**WHAT IS REQUIRED**
Could you retype exactly the line containing "The Guildford Arms" and every line after it in the data below, leaving out the pictures?
:: SUPPLIED MATERIAL
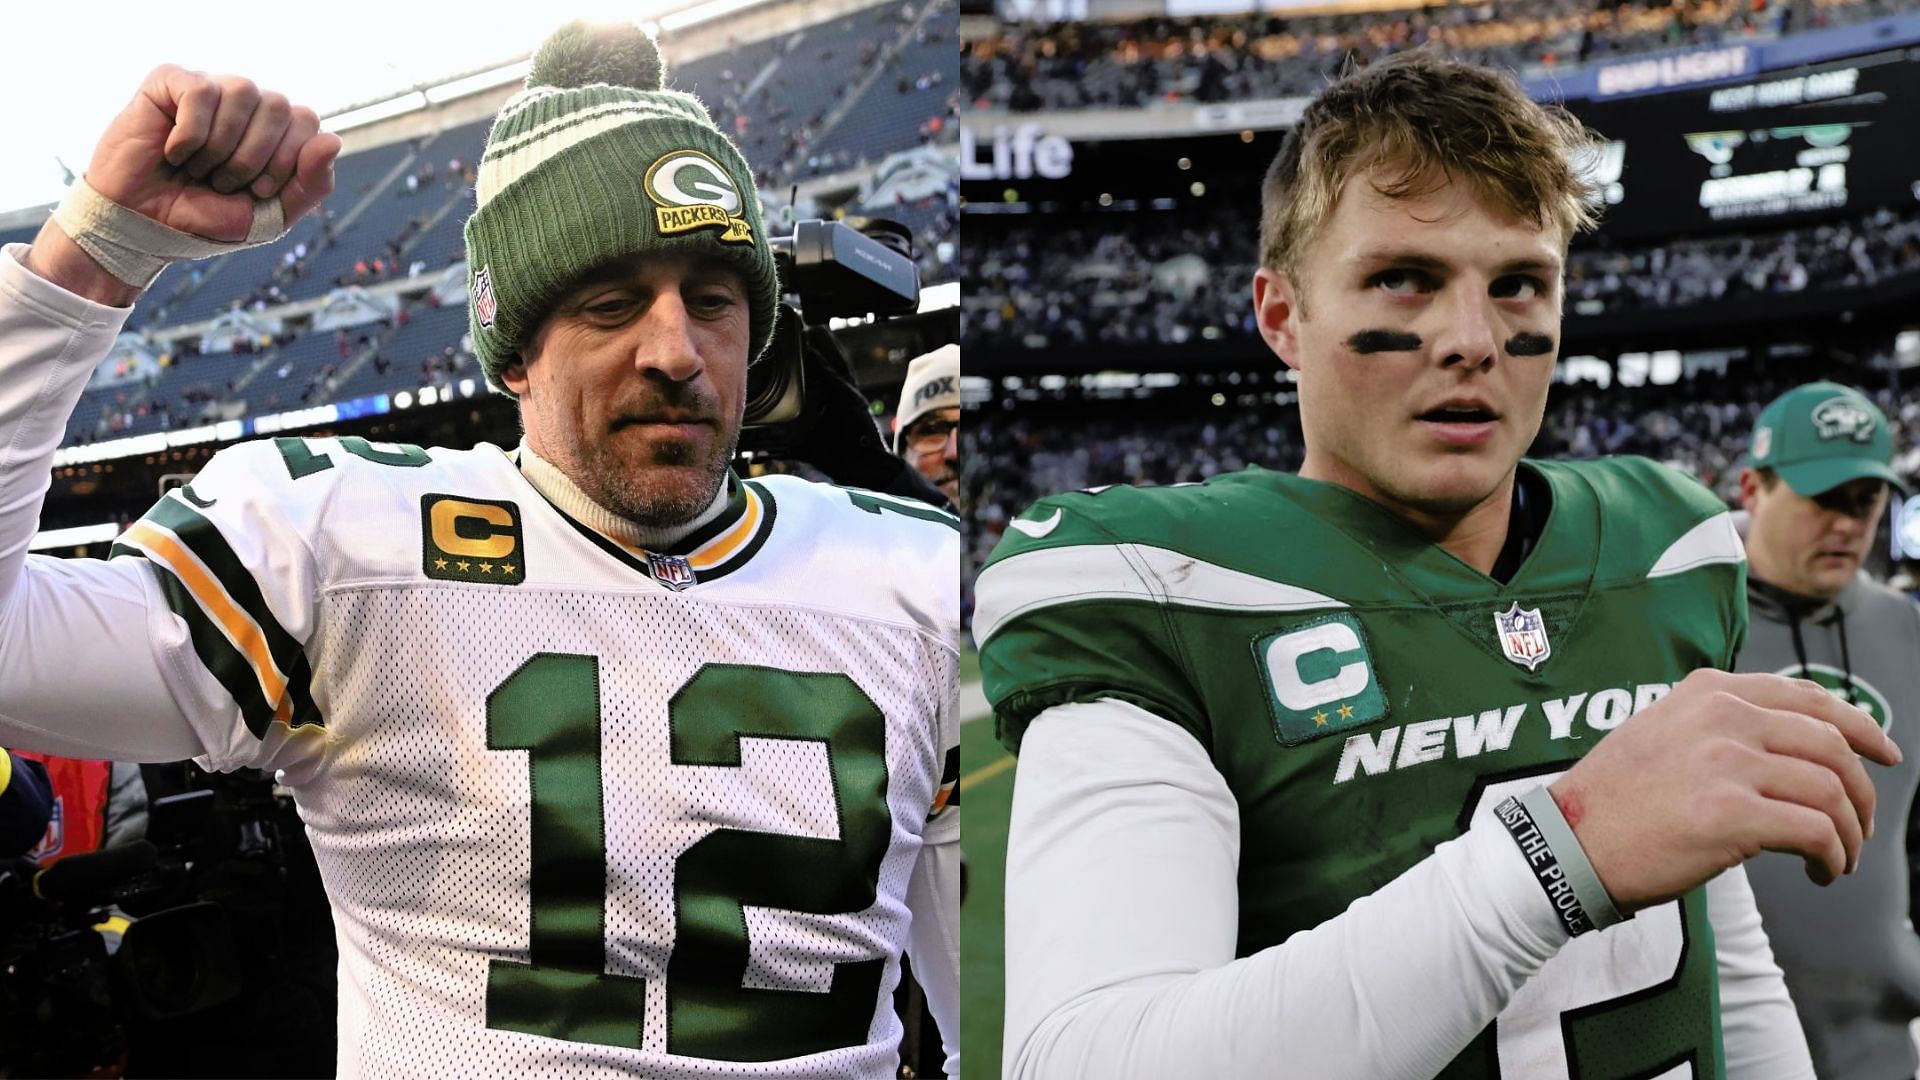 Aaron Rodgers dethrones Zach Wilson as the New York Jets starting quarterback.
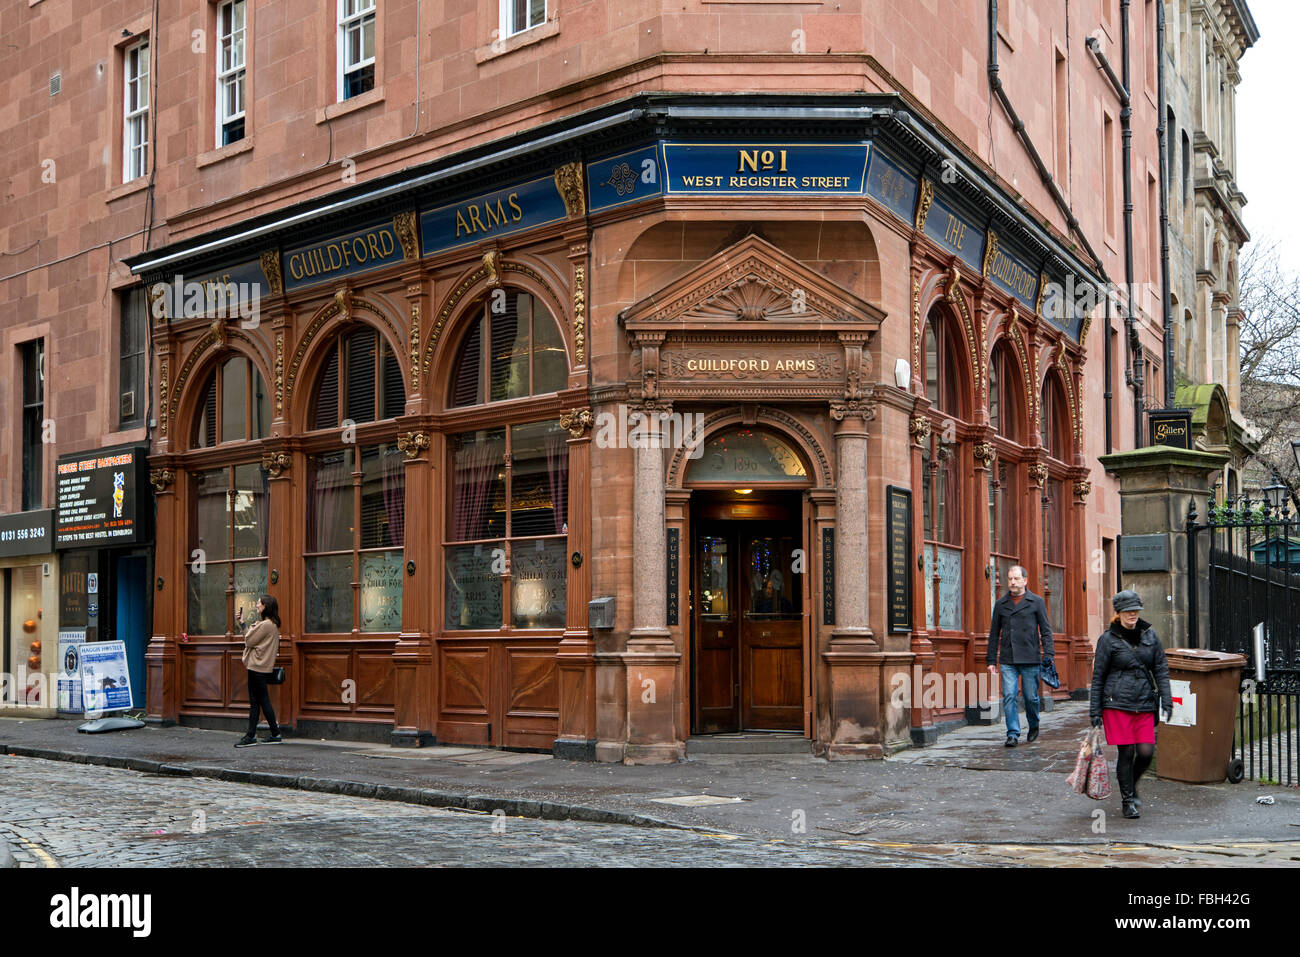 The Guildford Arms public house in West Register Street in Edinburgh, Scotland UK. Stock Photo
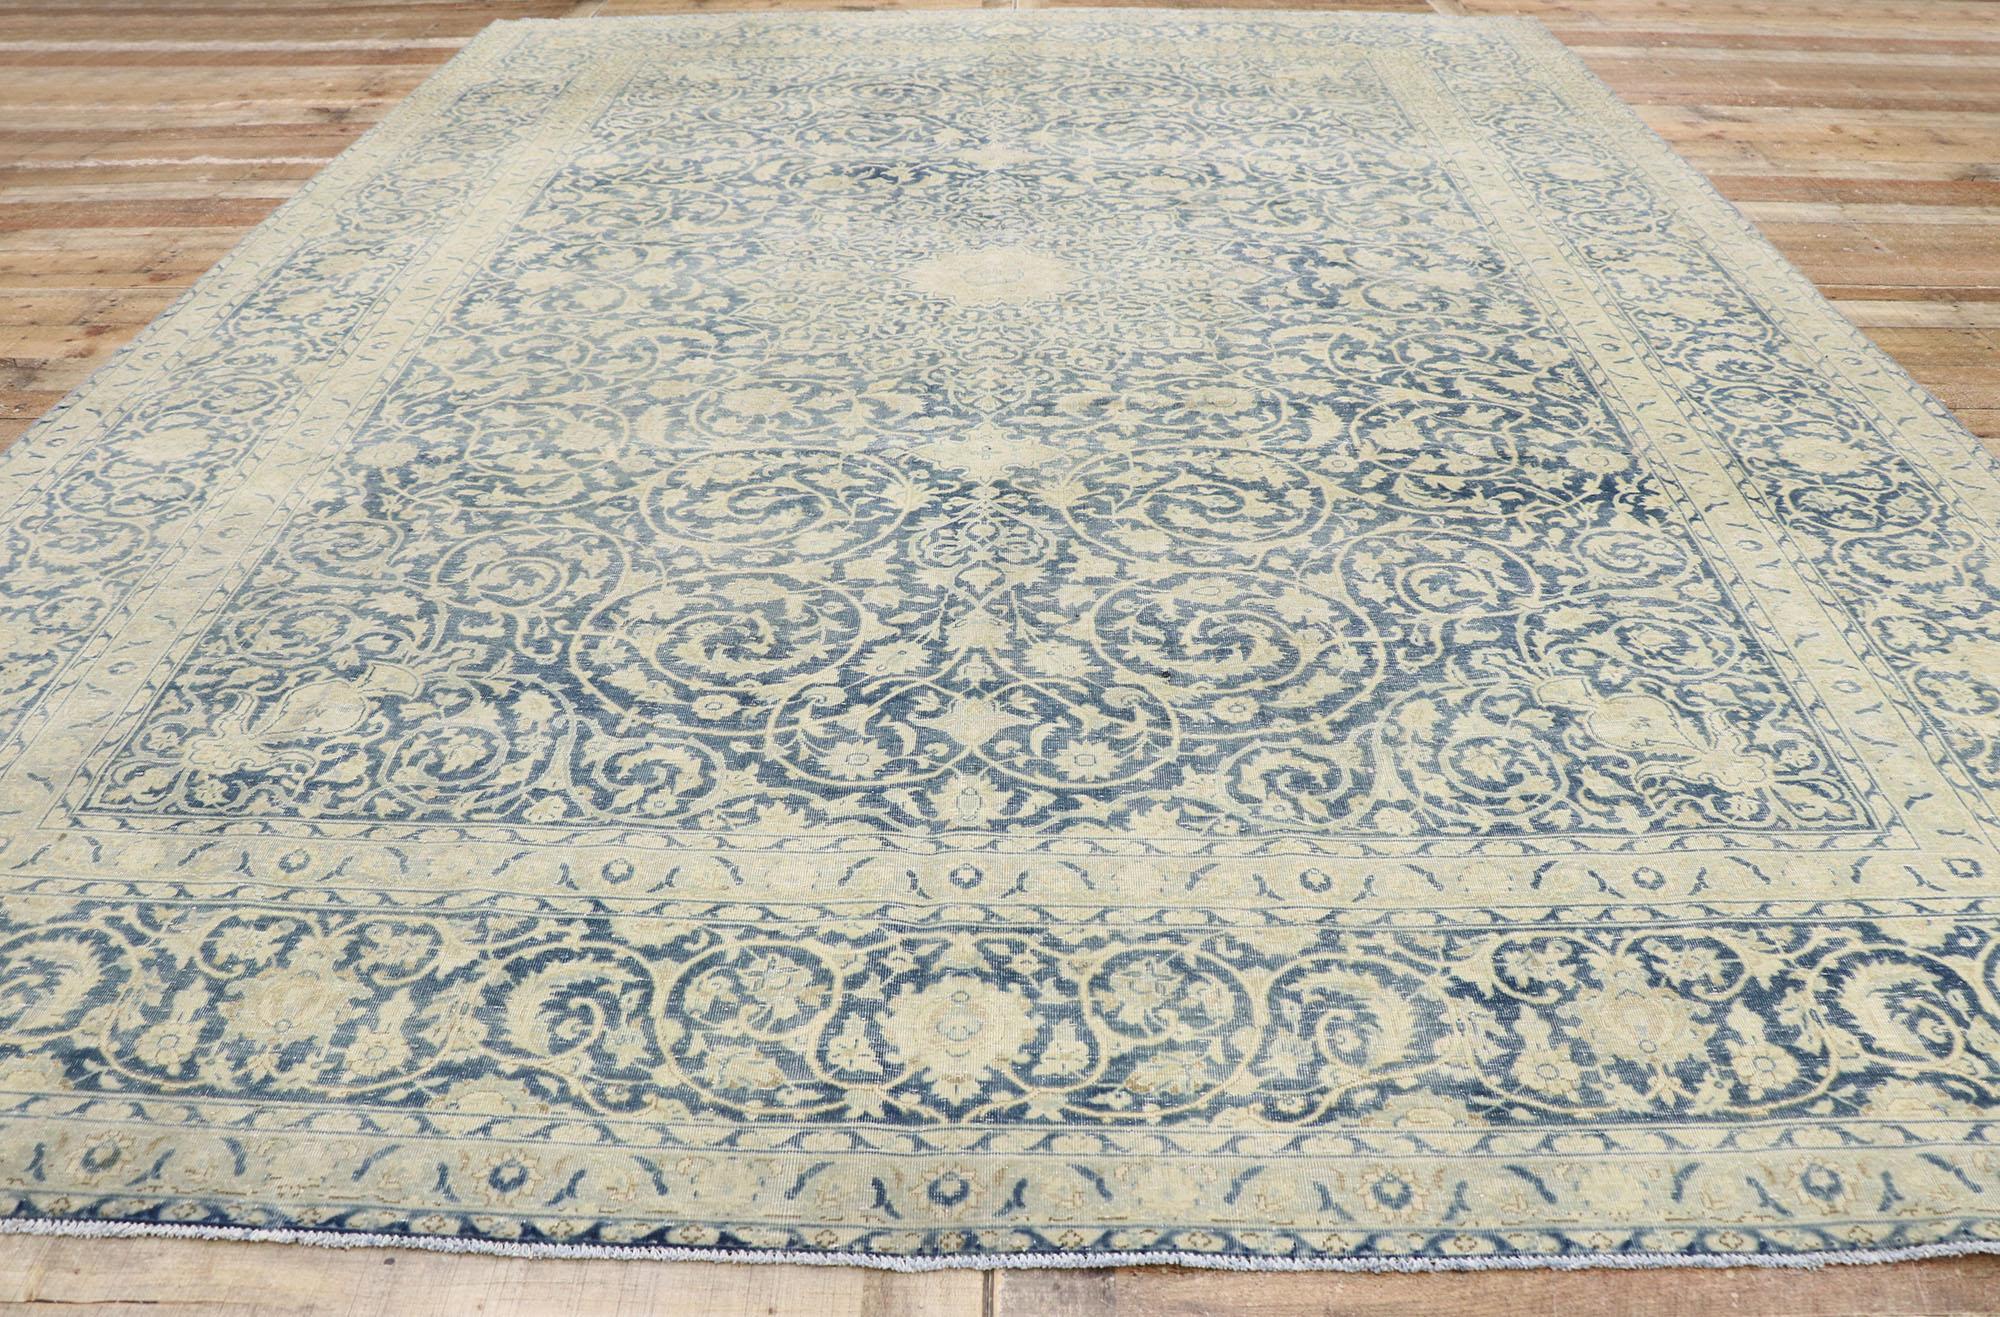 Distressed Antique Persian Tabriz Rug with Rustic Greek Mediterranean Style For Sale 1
::::
**RESPONSE BOX**
 The Guildford Arms public house in West Register Street in Edinburgh, Scotland UK. Stock Photo
 Distressed Antique Persian Tabriz Rug with Rustic Greek Mediterranean Style For Sale 1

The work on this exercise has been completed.